◆ **Task prompt**:
Among the entries below, retype exactly the lines starting with the one with "Customized School Counselor Shirt" and going on through the one with "Nescafe Espresso coffee", but not the pictures.

+++ Task inputs

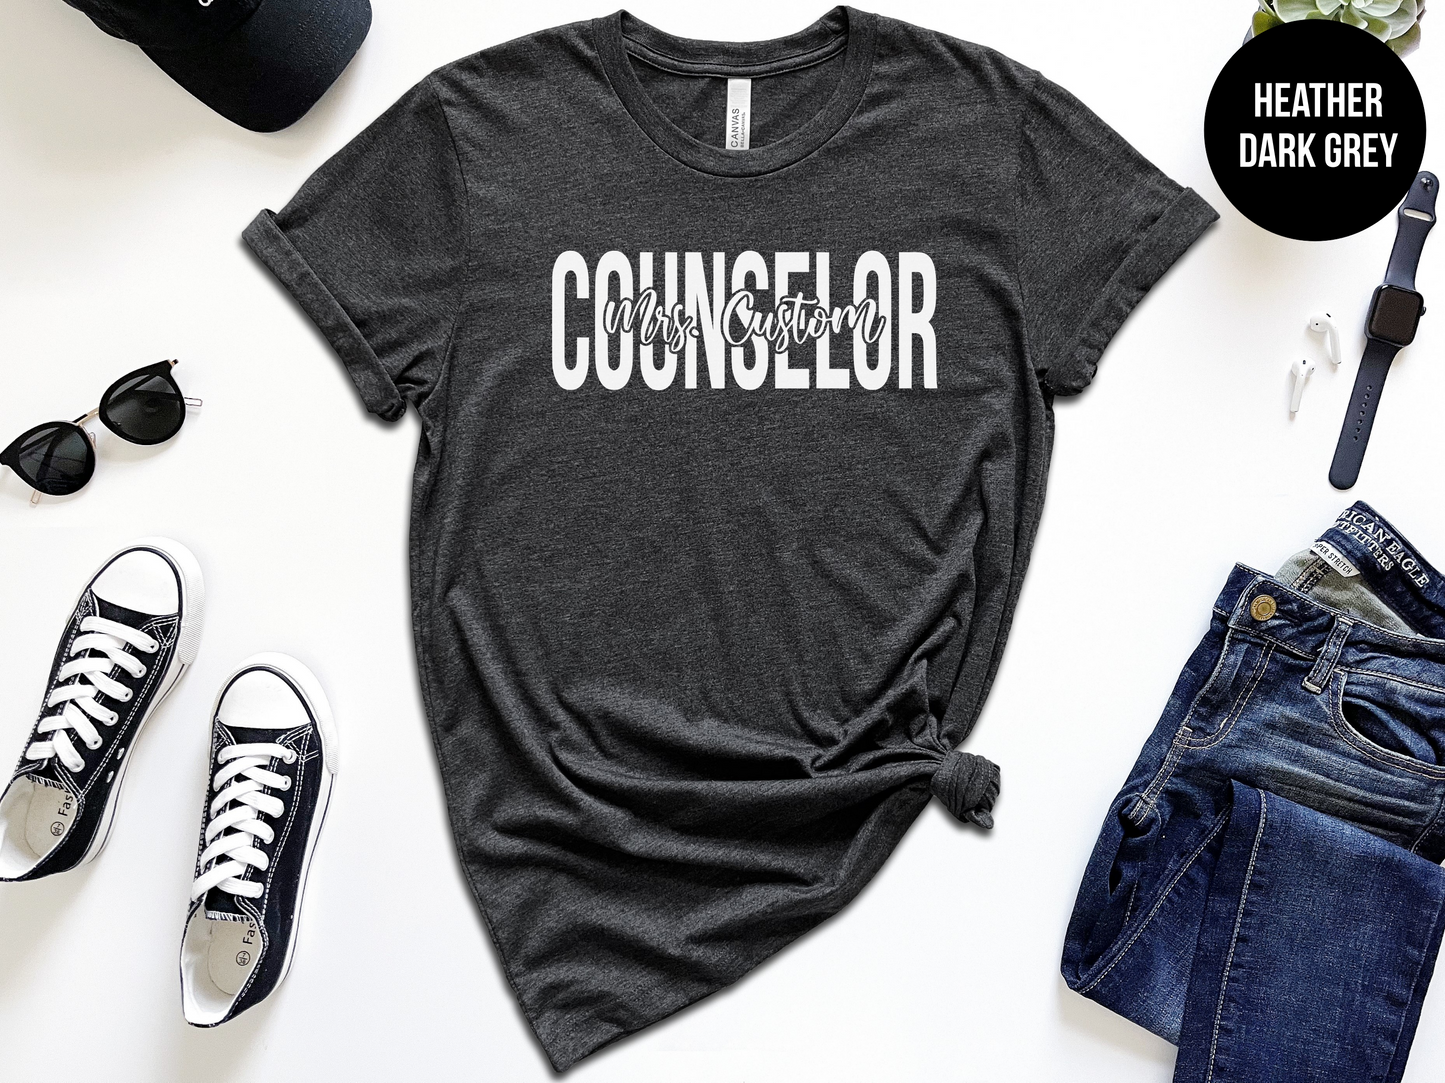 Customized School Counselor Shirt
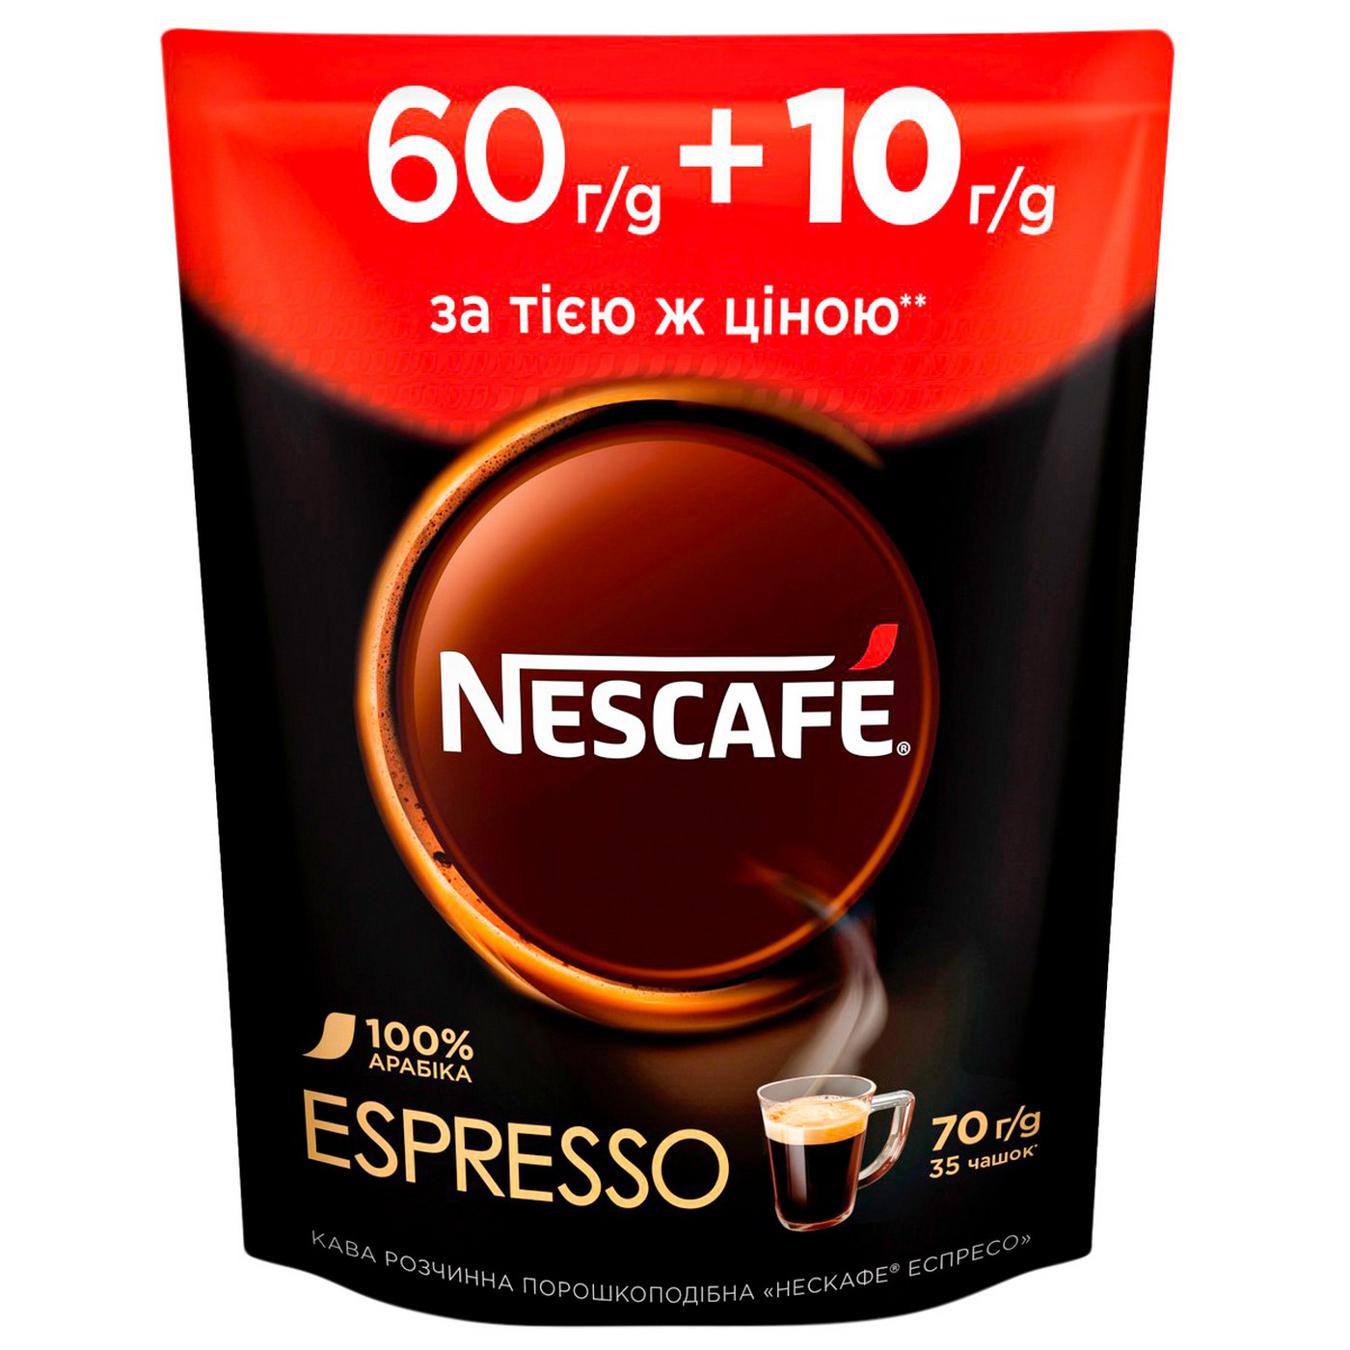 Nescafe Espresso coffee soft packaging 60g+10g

++++++
+++ Task inputs

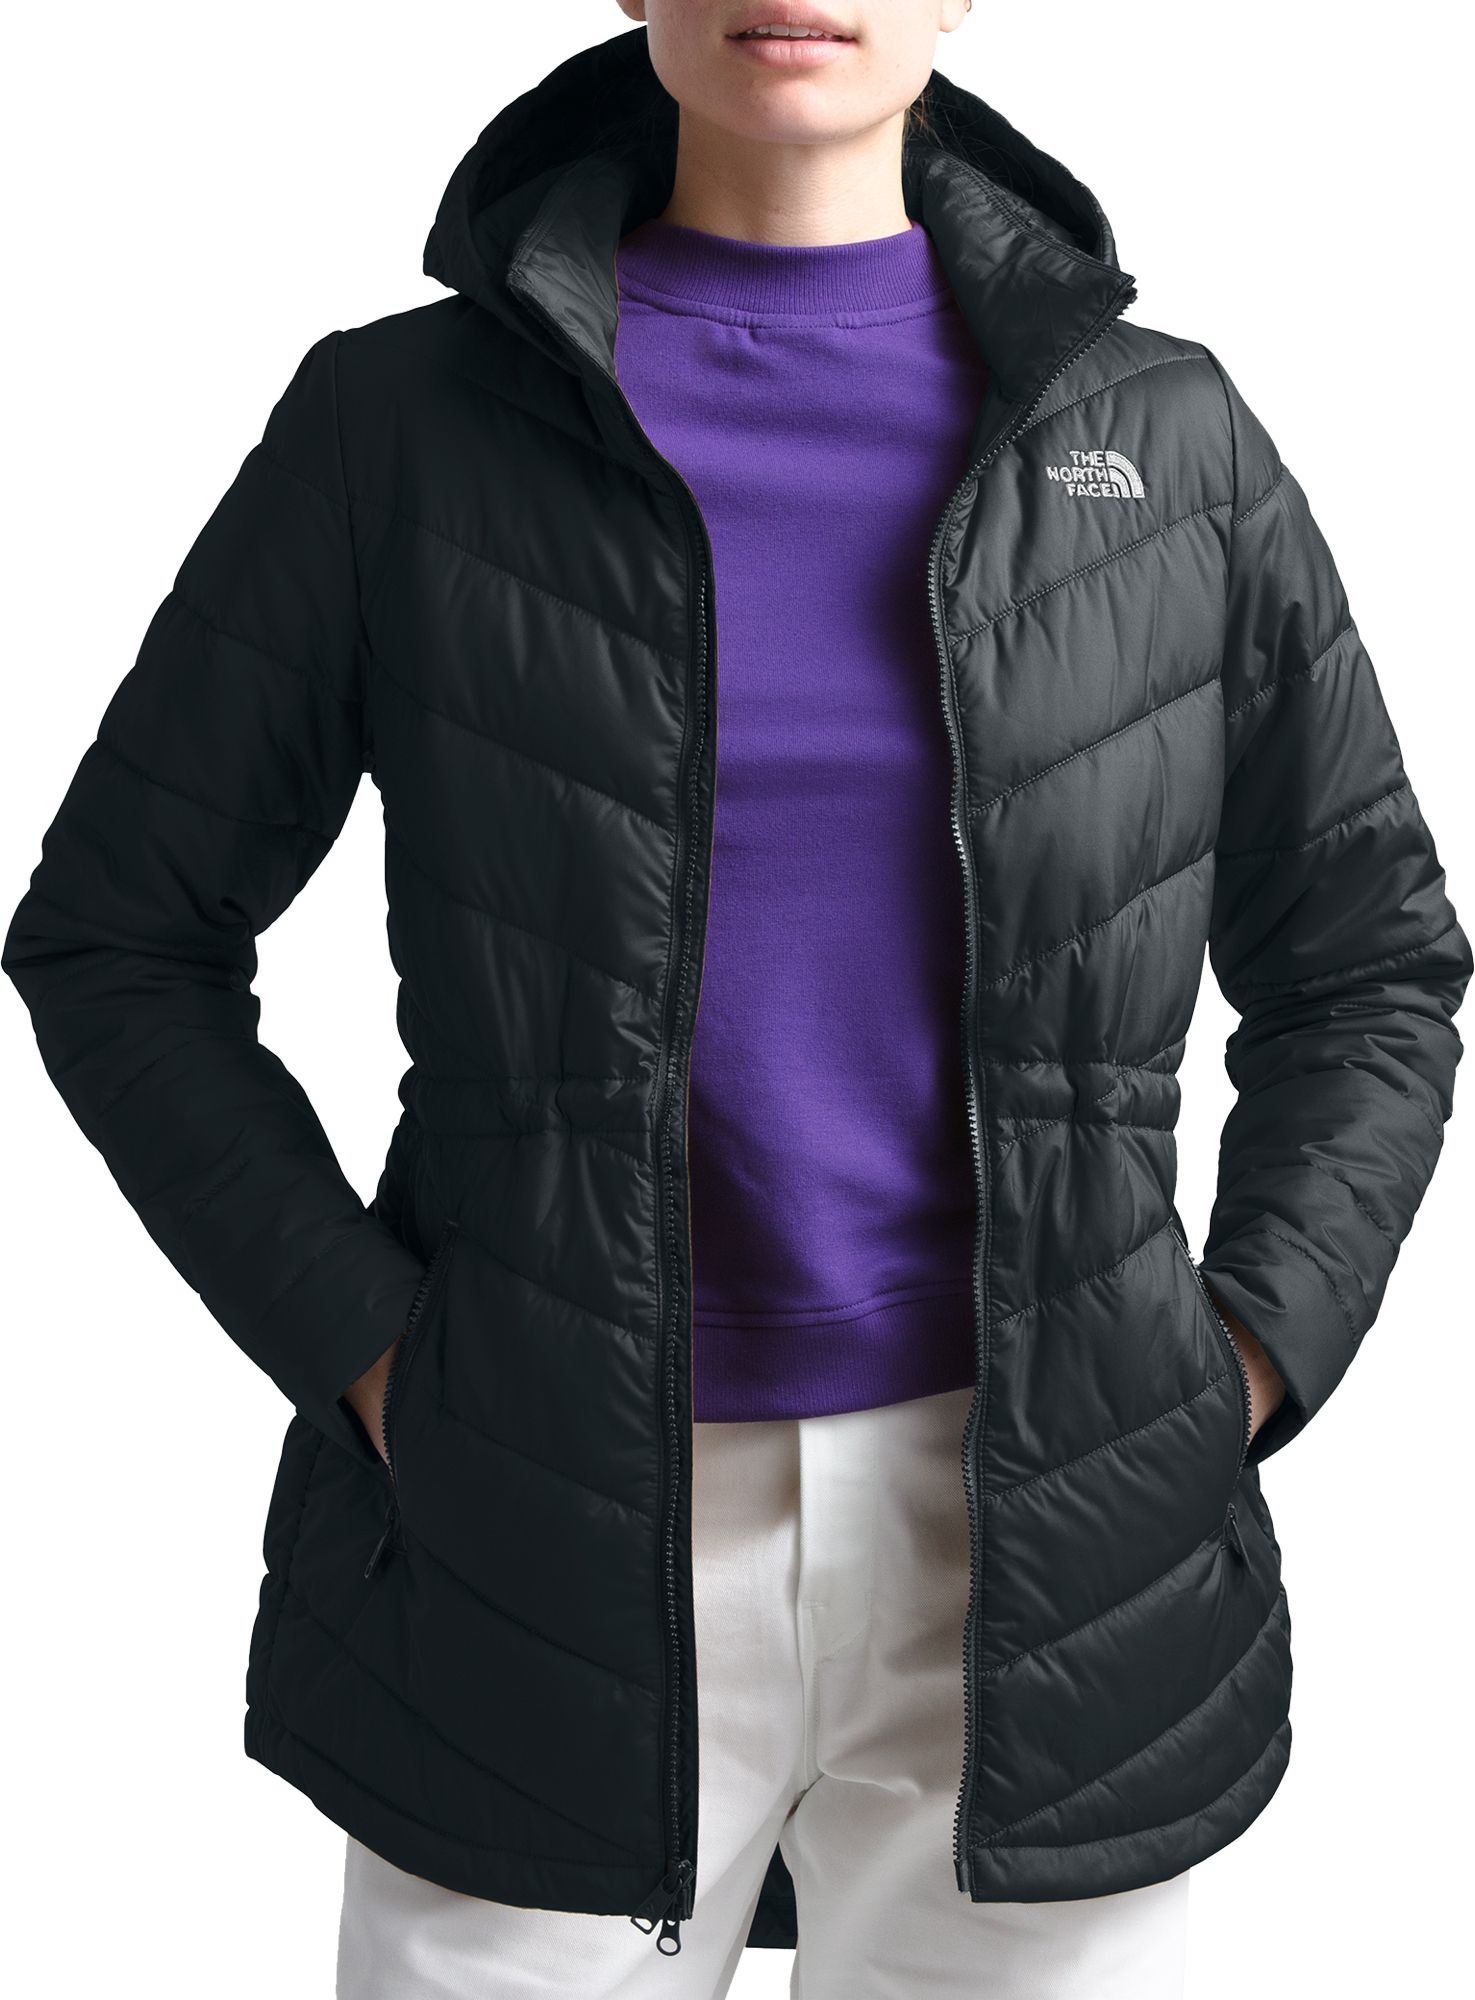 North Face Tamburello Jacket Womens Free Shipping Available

++++++
+++ Task inputs

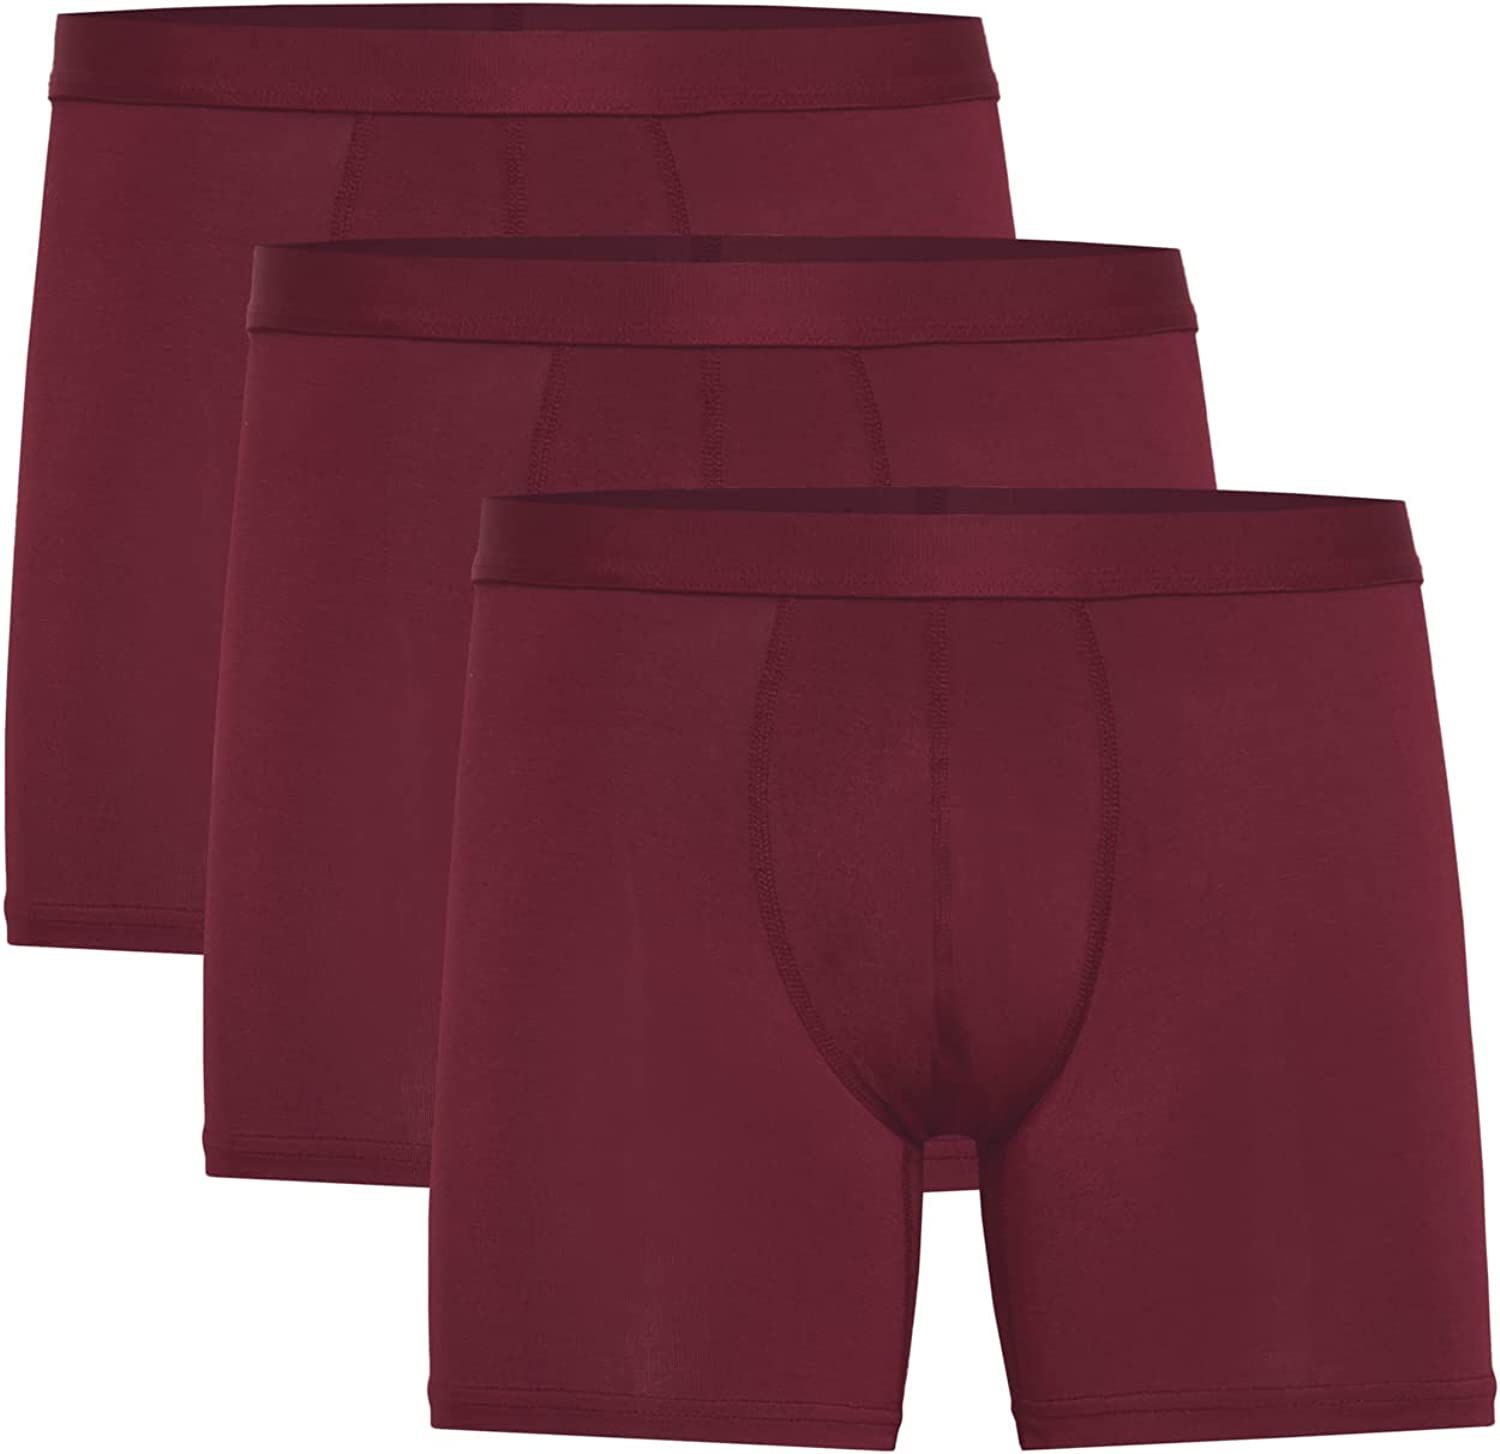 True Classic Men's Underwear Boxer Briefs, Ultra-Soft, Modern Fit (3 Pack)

++++++

◆ **Answer to this task**:
 Customized School Counselor Shirt
 Nescafe Espresso coffee soft packaging 60g+10g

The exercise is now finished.